Photo by Thomas Galvez via flickr

Tunisia. Egypt. Libya. Yemen. Spain.  United States.  Many authors have claimed that protests in these and other countries can be seen as a worldwide movement against inequality.  And, recent New York Times articles add another pin on the world map of protest movements by covering recent protests in Wukan, China, over land seizures.  According to one article, protests in China are becoming increasingly common,

…a reflection of the widening income gap and deepening unhappiness with official corruption and an unresponsive legal system. But the clashes in Wukan, which first erupted in September, are unusual for their longevity — and for the brazenness of the villagers as they call attention to their frustrations. Despite the government’s best efforts to control social media outlets, such frustrations have only grown as millions of Chinese gain access to unofficial sources of information and use new tools to organize protests.

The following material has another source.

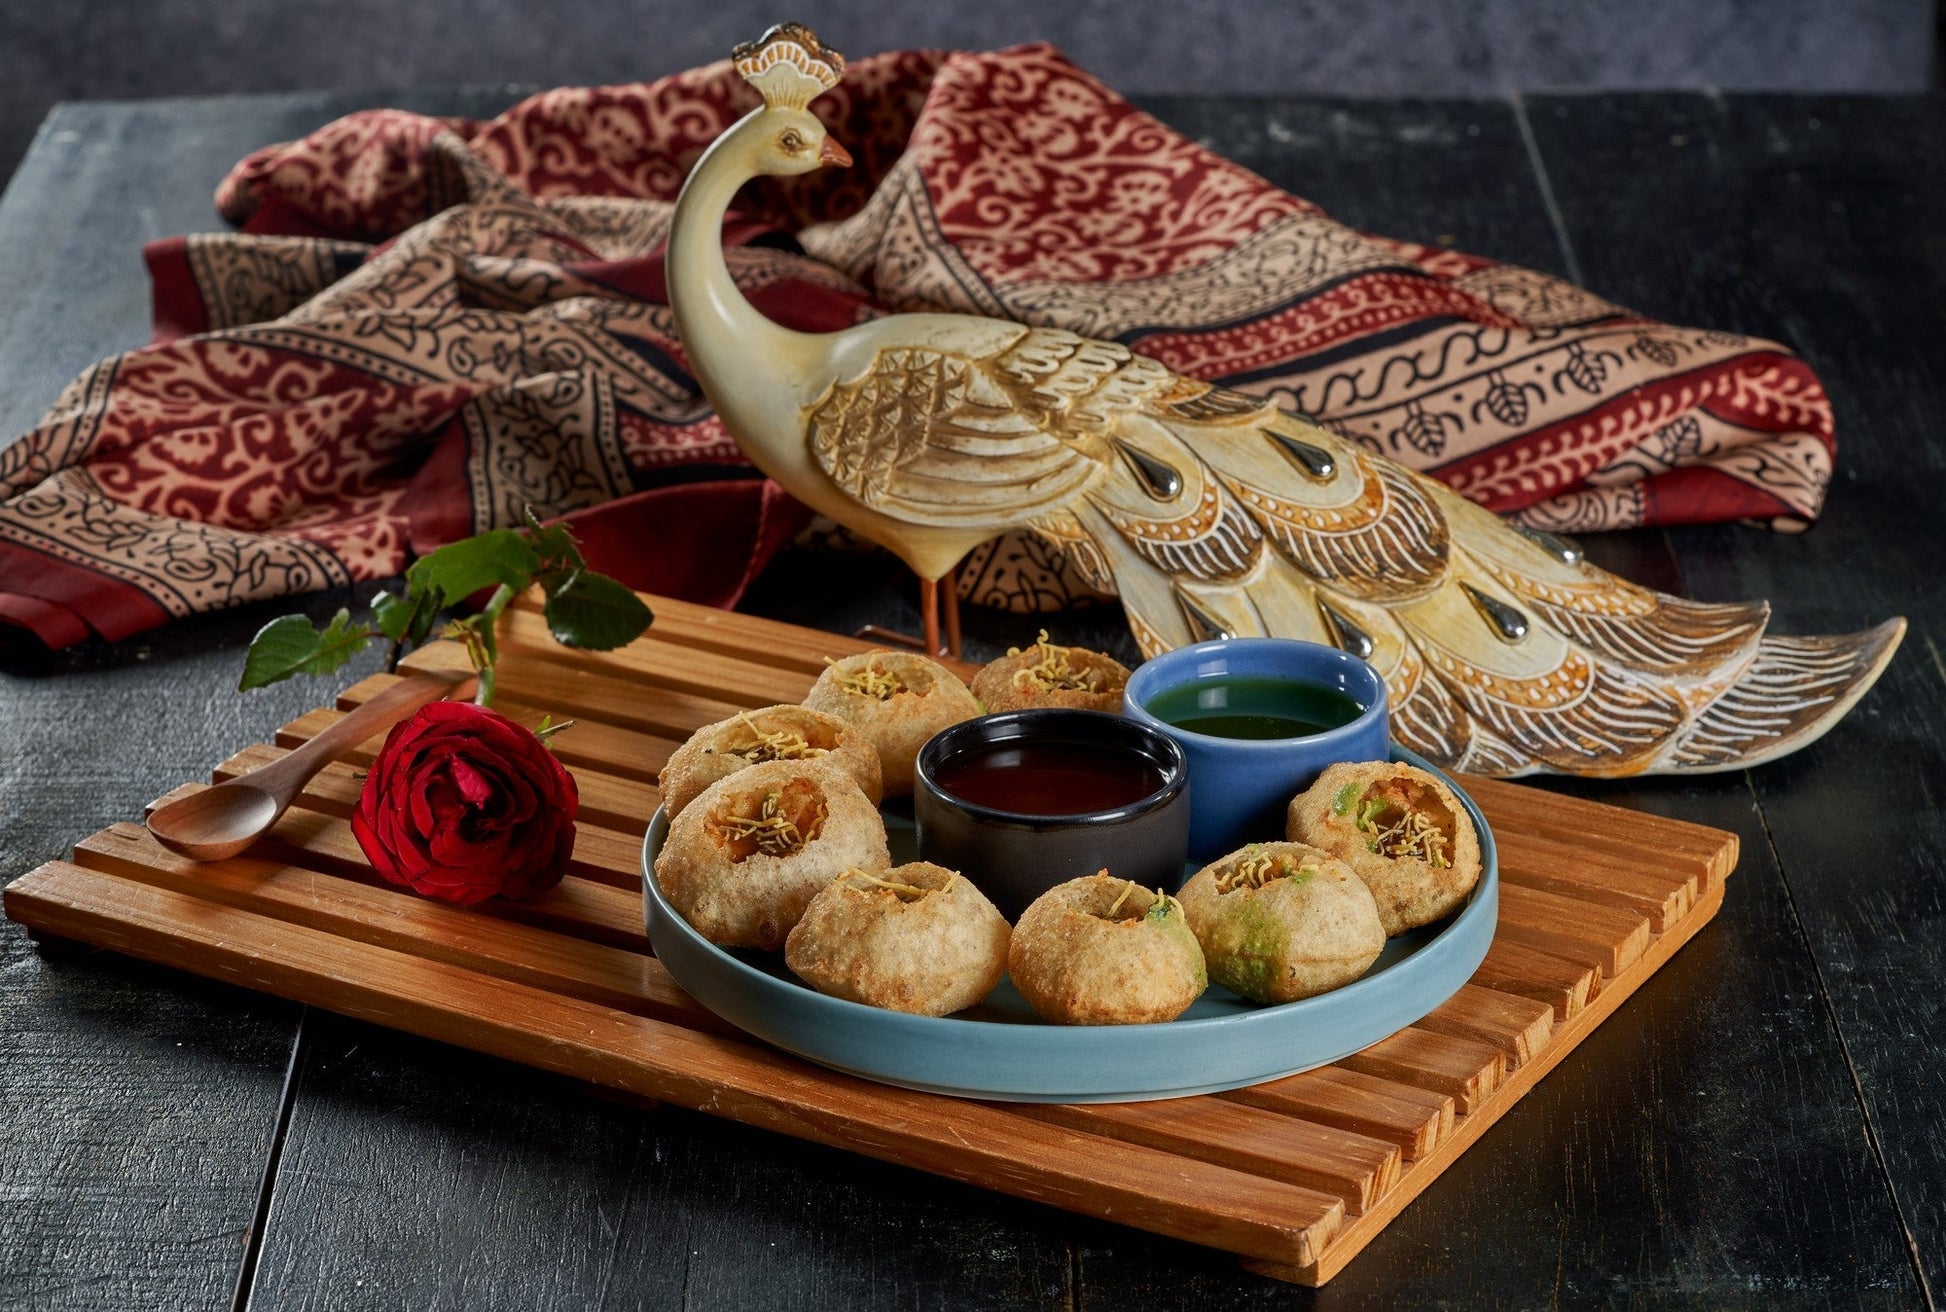 A plate of Pani Puri, a crispy and savory Indian snack filled with a tangy and spicy water

Public scenes of dissatisfaction are comparatively rare in China. But last year, there were as many as 180,000 outbursts of what sociologists call “mass incidents,” including strikes, sit-ins, rallies, and violent clashes.  (For comparison, in the mid-1990s, there were fewer than 10,000.)

People don’t have sufficient faith in legal procedures or the media and feel they have no redress when bad things are done to them,” said Martin K. Whyte, a Harvard sociologist who studies Chinese social trends.

Some of the protests are a response to worsening pollution, while others are a response to police brutality.  Much of the unrest, including in Wukan, is in response to the seizure of land by private developers or government officials.

The discontent in Wukan has been simmering for more than a decade. Residents say land seizures began in the late 1990s, when officials began selling off farmland for industrial parks and apartment complexes. Villagers say more than 1,000 acres have been seized and resold to developers in the past decade or so.  The residents’ ire exploded in September, when thousands of people took to the streets to protest the sale of a village-owned pig farm for luxury housing that netted the government $156 million.

The rest of the article gives more detail on the specific incidents in Wakun.  But, multiple recent new stories on protests in China posit that these events are not isolated and are instead connected across China.  And, to some, these protests are connected to others across borders and oceans as well.